Task goal >> Restate the records in full, so that each line matches the original exactly.

[Data extracted from a collection]

......

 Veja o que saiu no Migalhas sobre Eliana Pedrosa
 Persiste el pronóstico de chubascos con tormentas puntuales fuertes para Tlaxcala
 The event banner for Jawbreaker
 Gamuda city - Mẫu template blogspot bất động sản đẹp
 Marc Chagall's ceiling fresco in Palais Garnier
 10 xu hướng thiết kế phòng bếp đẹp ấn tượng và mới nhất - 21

......

The answer >>
 Veja o que saiu no Migalhas sobre Eliana Pedrosa
 Persiste el pronóstico de chubascos con tormentas puntuales fuertes para Tlaxcala
 The event banner for Jawbreaker
 Gamuda city - Mẫu template blogspot bất động sản đẹp
 Marc Chagall's ceiling fresco in Palais Garnier
 10 xu hướng thiết kế phòng bếp đẹp ấn tượng và mới nhất - 21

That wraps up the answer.